On hospital day 3, the patient remained intubated but was following commands when sedation was lightened. The interventional team did not feel that catheterization was indicated without formal consent, and no surrogate had been identified at that point. In addition to defying common sense, there is guideline support for intervention in emergency situations when informed consent is unable to be obtained.

• 2021 SCAI expert consensus statement (endorsed by ACC, AHA, HRS): “Each institution should have a written policy on IC [informed consent] that describes the process used to obtain consent, including timing, documentation, and surrogate decision-maker issues, as well as circumstances that would allow for exceptions to obtaining IC, such as emergency STEMI in a patient unable to provide consent.“
• 2021 ACC/AHA/SCAI revascularization guidelines: “In patients undergoing coronary angiography or revascularization, adequate information about benefits, risks, therapeutic consequences, and potential alternatives in the performance of percutaneous and surgical myocardial revascularization should be given, when feasible, with sufficient time for informed decision-making to improve clinical outcomes.”

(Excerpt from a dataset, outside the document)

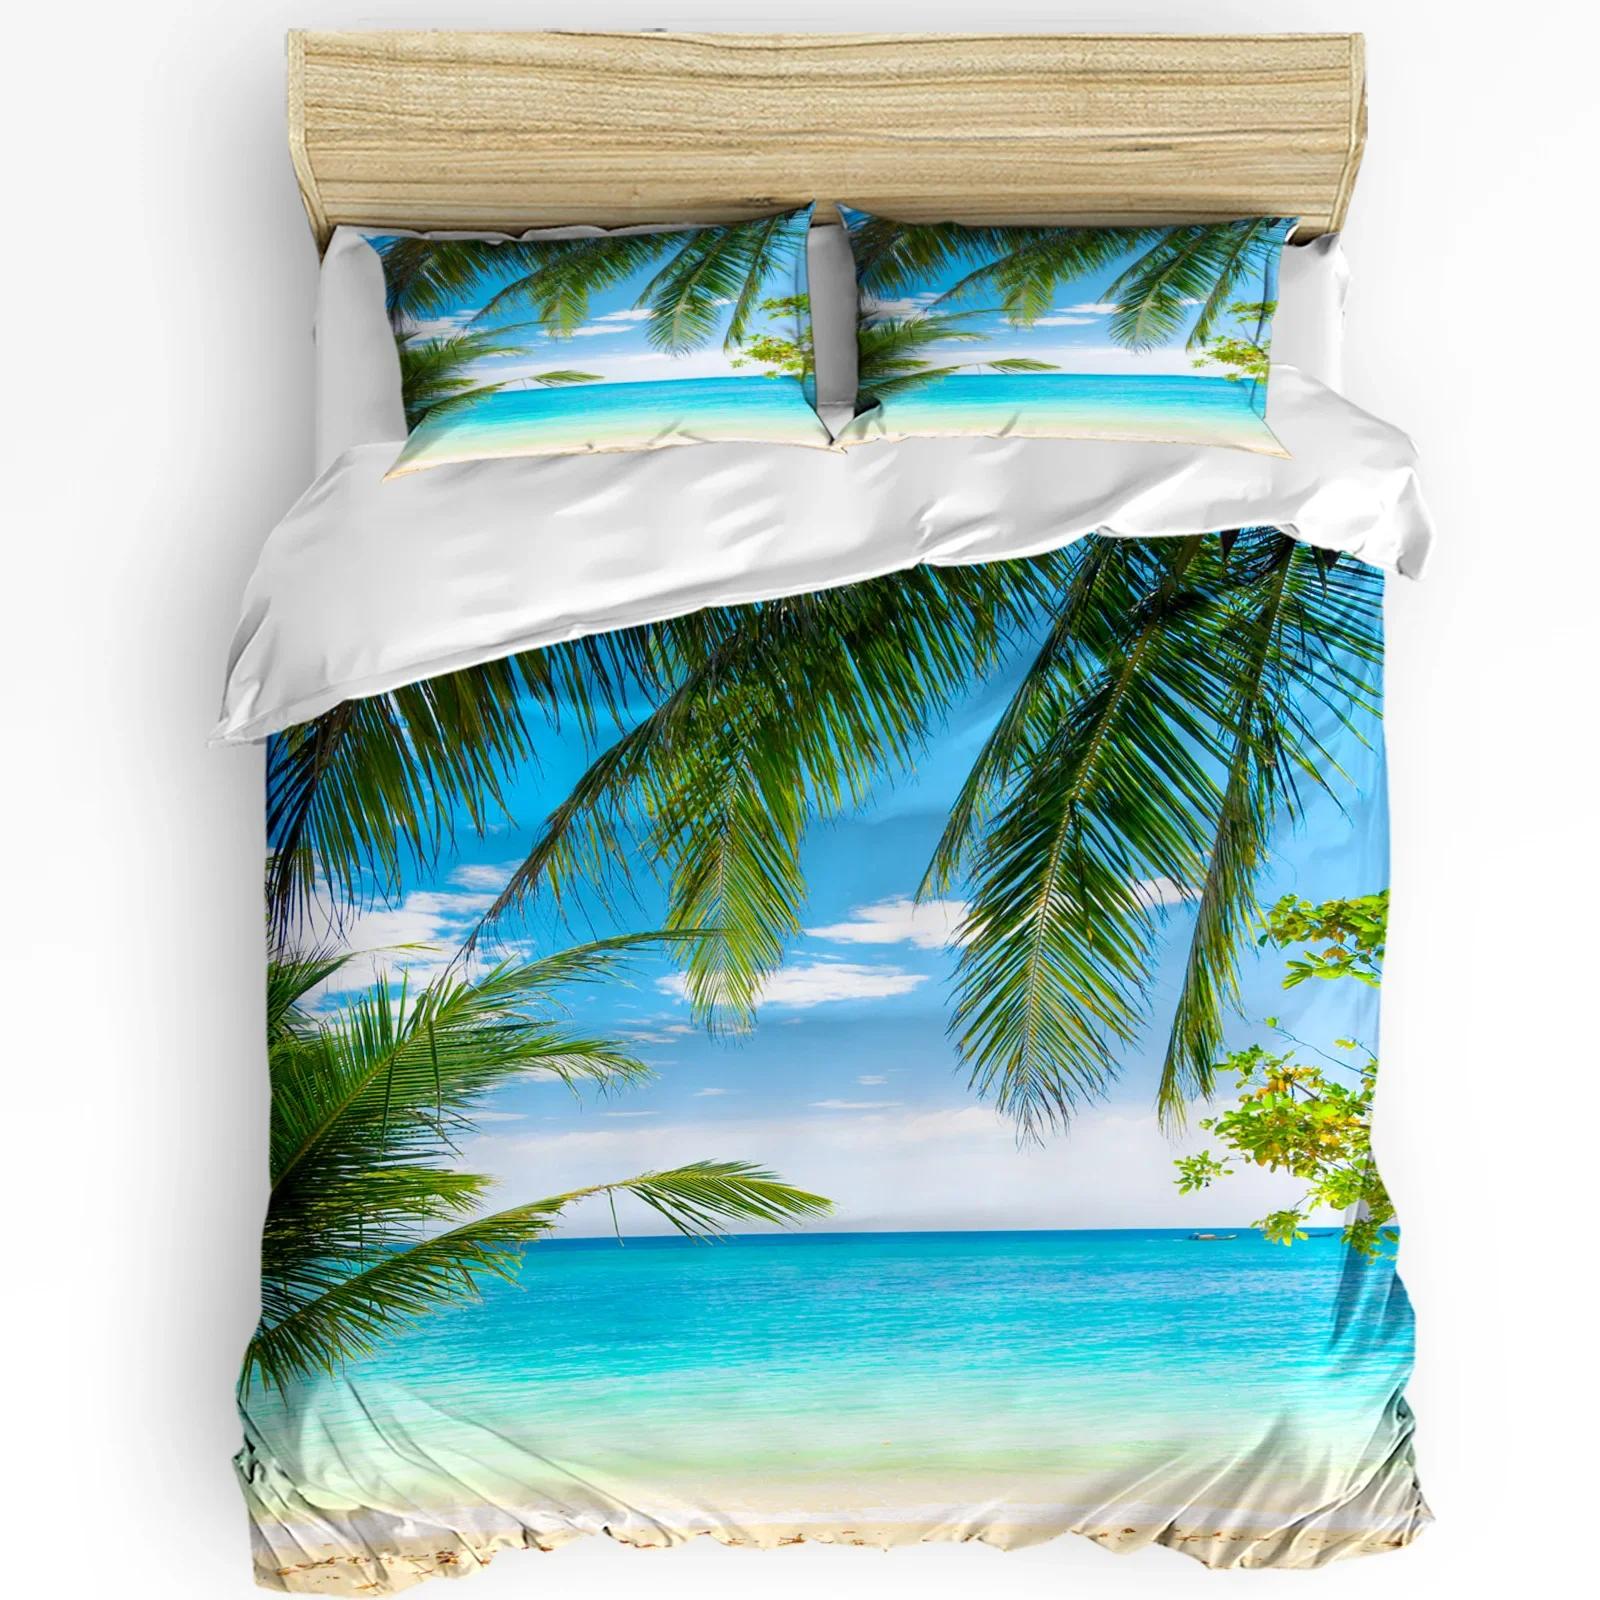 Beach Green Coconut Tree Sky Clouds Bedding Set 3pcs Duvet Cover Pillowcase Kids Adult Quilt Cover Double Bed Set Ho

This is not just limited to cardiology, this is an interdisciplinary consensus. Published documents from professional societies representing OB/GYN, Emergency Medicine, Neurology, Critical Care, Gastroenterology, General Surgery, Pediatrics, Anesthesiology, and I’m sure many others all consistently affirm the ethics of intervention in emergency situations where informed consent is impossible to obtain.

In addition to the above, the note actually says that both general cardiology and the critical care team felt intervention was indicated and proposed two physician consent. The interventional team wrote a procedure H&P that day (hospital day 3), but again did not take the patient for angiogram. The patient was extubated that afternoon.

On hospital day 4, the patient was neurologically intact and complaining of persistent chest pain. He underwent coronary angiography. The cath report describes subtotal occlusion of the mid left circumflex due to acute plaque rupture with TIMI II flow, as well as non-culprit lesions in the LAD and RCA. The patient had a stent placed in his LCx. Echocardiogram showed LVEF 50% with hypokinesis of the inferolateral wall.

Final diagnosis NSTEMI.

Smith: “NSTEMI” is a worthless diagnosis! It means nothing except that the EKG did not show ST Elevation. Absence of ST elevation has almost zero physiologic meaning and should have zero management consequences.

Discussion

Once again, we see that the standard for STEMI is almost impossible to attain. It is not enough to have transmural infarction of the lateral wall with acute occlusion of the LCx due to acute plaque rupture and persistently impaired coronary flow 4 days later. It is not enough for a patient to present with VF arrest during exertion and an ECG showing STEMI, interpreted as ** ** STEMI ** **.

No, this is described as “transient ST changes” in a patient with an ultimate diagnosis of NSTEMI. Who decides what is transient? There was no repeat ECG for 2 hours following the obvious STEMI, and even longer if you include the first ECG which was also diagnostic for OMI. With a long enough time horizon, every STEMI is transient! Instead, this label NSTEMI has nothing to do with any clinically important pathophysiology. Rather, it reflects the fact that intervention was delayed by physician choice. Summary of paper: it shows that the final diagnosis of STEMI vs. NSTEMI has nothing to do with either occlusion or ST Elevation, but only correlates with a door to balloon time less than, vs. greater than, 90 minutes.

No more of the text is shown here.